Boeing, at the time of that complaint, reportedly said that the issue did not present a flight safety issue.

“As a quality manager at Boeing, you’re the last line of defense before a defect makes it out to the flying public,” Barnett told the Times. “And I haven’t seen a plane out of Charleston yet that I’d put my name on saying it’s safe and airworthy.”

Barnett also raised concerns to the BBC in 2019 about the planes’ oxygen systems, saying that testing found a failure rate of 25%. He said that nothing was done to improve them, however.

Boeing has been under the microscope since a door panel blew off of a 737 Max 9 jet in midair back in January. A preliminary report released by the National Transportation Safety Board last month concluded that workers likely failed to reattach bolts to the door during repair work.

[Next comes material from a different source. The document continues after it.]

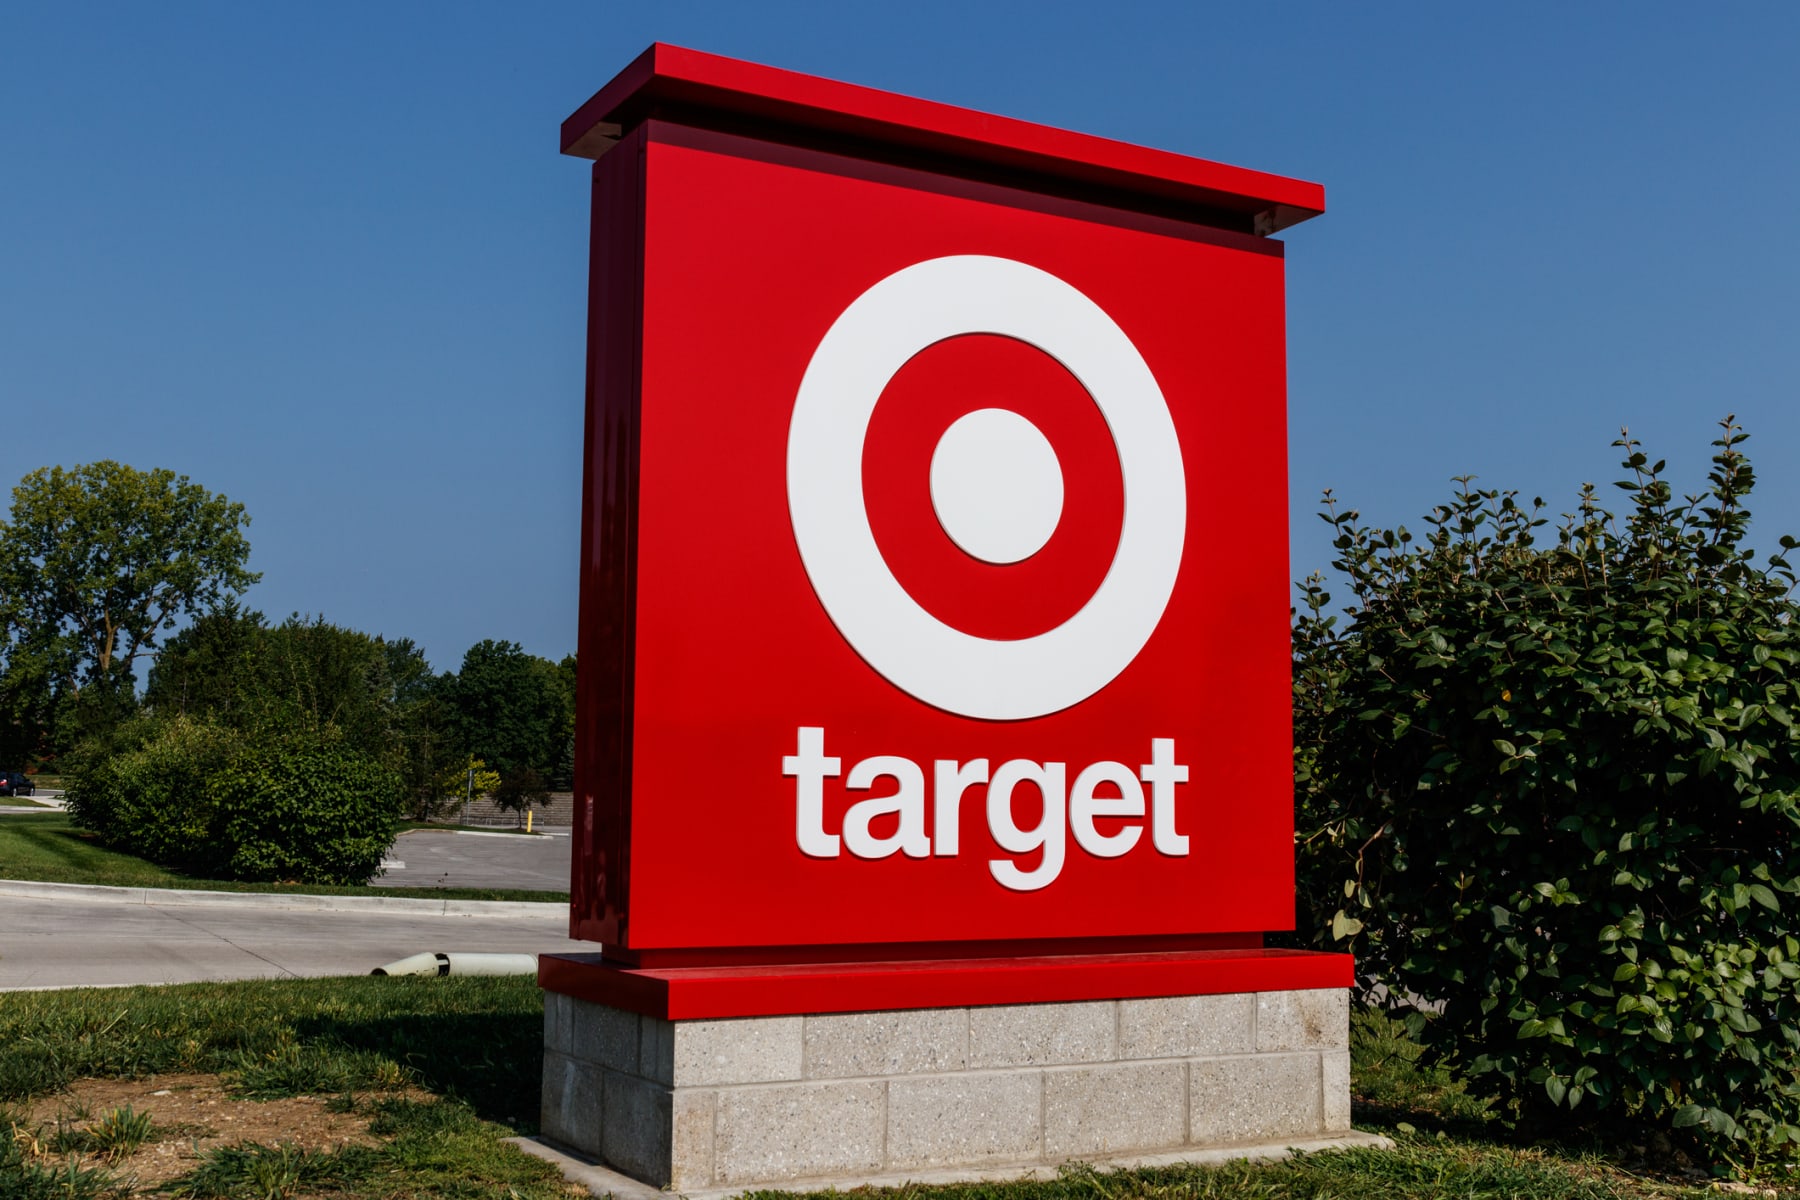 This free standing store sign displays the Target logo.

In the weeks after that incident, Alaska Airlines and United Airlines, which are the only two U.S. airlines using Boeing’s Max 9 jets, reported finding loose bolts and other installation issues on some of the planes.

A Federal Aviation Administration audit of Boeing and Spirit AeroSystems, which manufactures the 737 Max’s fuselage, recently found “multiple instances in which the companies allegedly failed to comply with manufacturing quality control requirements,” the FAA said.

Boeing was given 90 days to outline a plan of action in response to the FAA’s findings. It was also ordered to review and address separate findings by a panel of outside experts, who examined safety culture within the company dating back to two 737 Max 8 crashes in 2018 and 2019.